Phedon Papamichael, ASC (, Faidon Papamihail; born 10 February 1962) is a Greek cinematographer and film director, known for his collaborations with directors James Mangold, Alexander Payne and Wim Wenders. He has twice been nominated for the Academy Award for Best Cinematography and twice also for the BAFTA Award for Best Cinematography. He has been a member of the American Society of Cinematographers since 2000.

Early life and education
He was born in Athens, Greece in 1962 to a Greek father and a German mother. When Papamichael was six years old, his family relocated to the United States, as his father, a well-known artist and set designer, was offered a job as a production designer for John Cassavetes. From an early age, he was involved in cinema. He studied photography and art at the University of Munich and received his Bachelor in Fine Arts in 1982.

Career 
Papamichael's first job as a cinematographer was in the 1988 film Dance of the Damned, directed by Katt Shea. He would go on to make several future collaborations with director Shea and producer Roger Corman, making him a member of the so-called "Corman Film School", much like his contemporary Janusz Kamiński.

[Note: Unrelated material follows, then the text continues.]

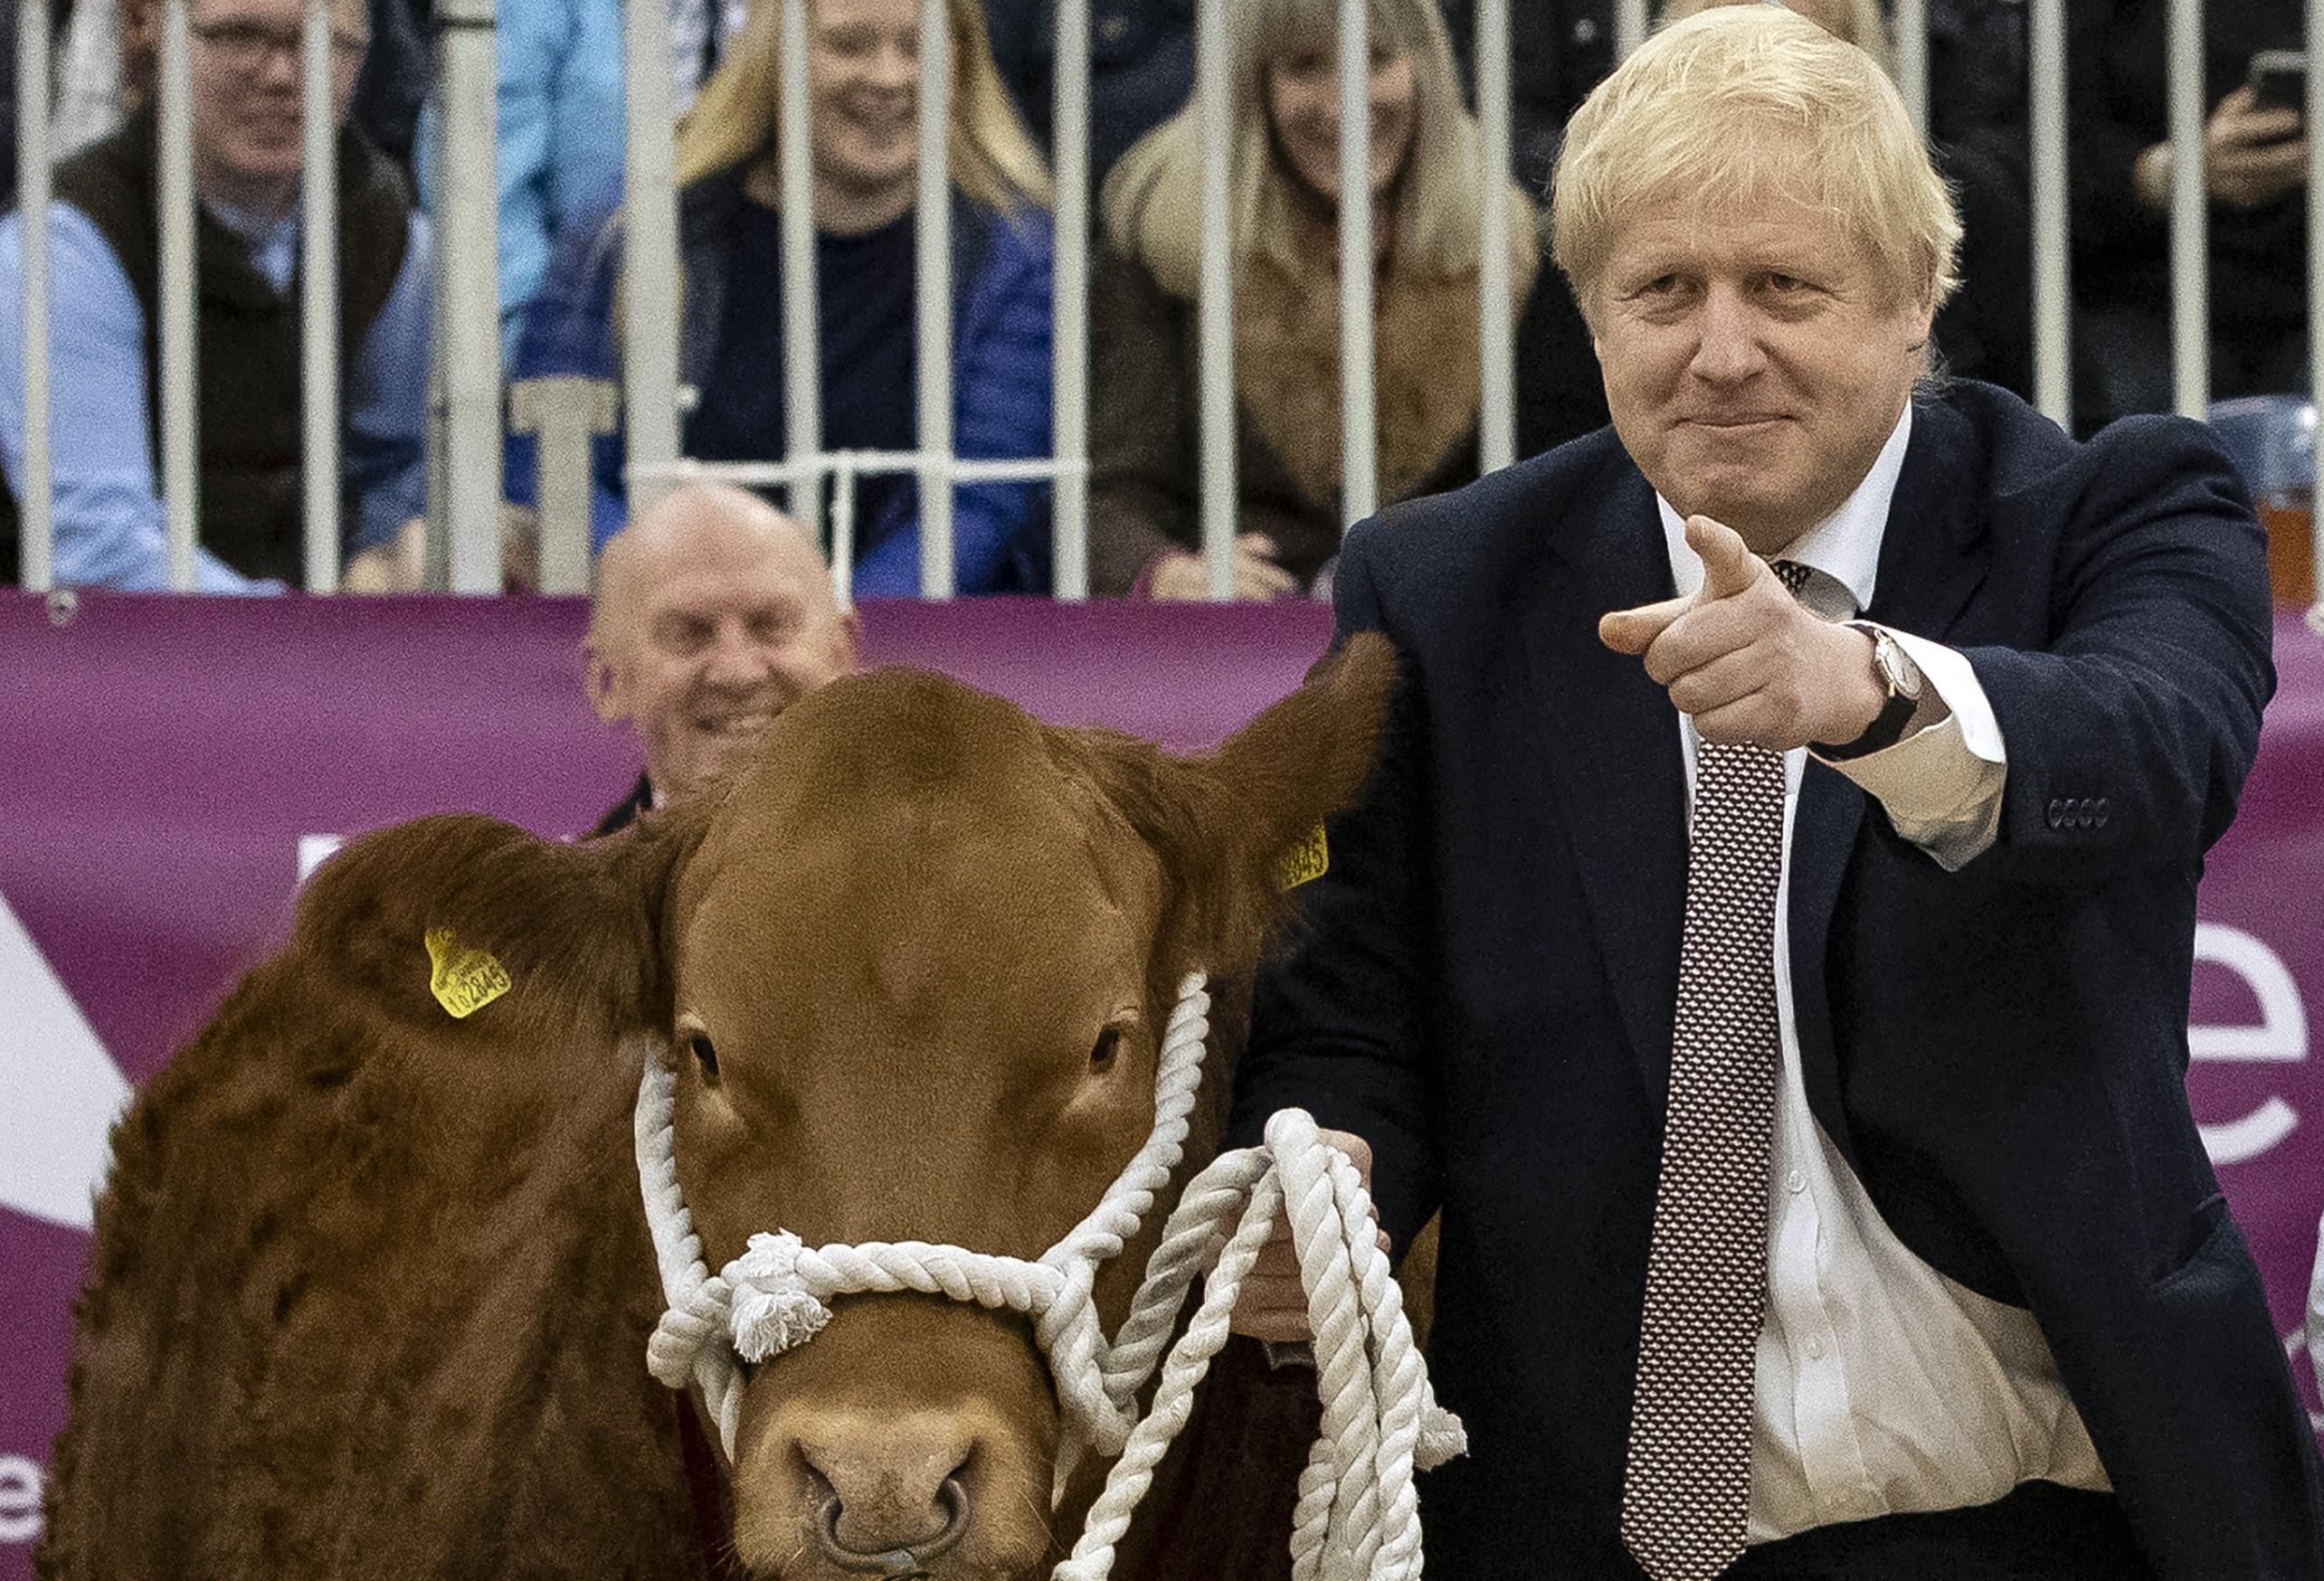 Britain's Prime Minister Boris Johnson holds a bull in the show ring while visiting the Royal Welsh Winter Fair during an election campaign event in Llanelwedd in north Wales on 25 November (AFP)

As a cinematographer, he has shot nearly fifty films, including Phenomenon, America's Sweethearts, Sideways, Walk the Line, The Weather Man, The Monuments Men, and Nebraska, for which he received an Academy Award nomination. He has worked with directors James Mangold, Alexander Payne, Wim Wenders, Oliver Stone and George Clooney, and many others, and has also directed films, such as Sketch Artist, Dark Side of Genius, From Within, Arcadia Lost. He has worked with Hollywood stars Christian Bale, Will Smith, John Travolta, George Clooney, Tom Cruise, Nicolas Cage, Russell Crowe, Cameron Diaz and others, and maintains a long-term friendship with Joaquin Phoenix and Dustin Hoffman.

He later made his debut as a director in the film Showtime’s Sketch Artist in 1992 and two years later he directed Dark Side of Genius. 

In 2000, he was awarded the Prix Vision of the Avignon Film Festival for his cinematography in 27 Missing Kisses.

Personal life 
He spends his time between Los Angeles and Leonidio, Greece.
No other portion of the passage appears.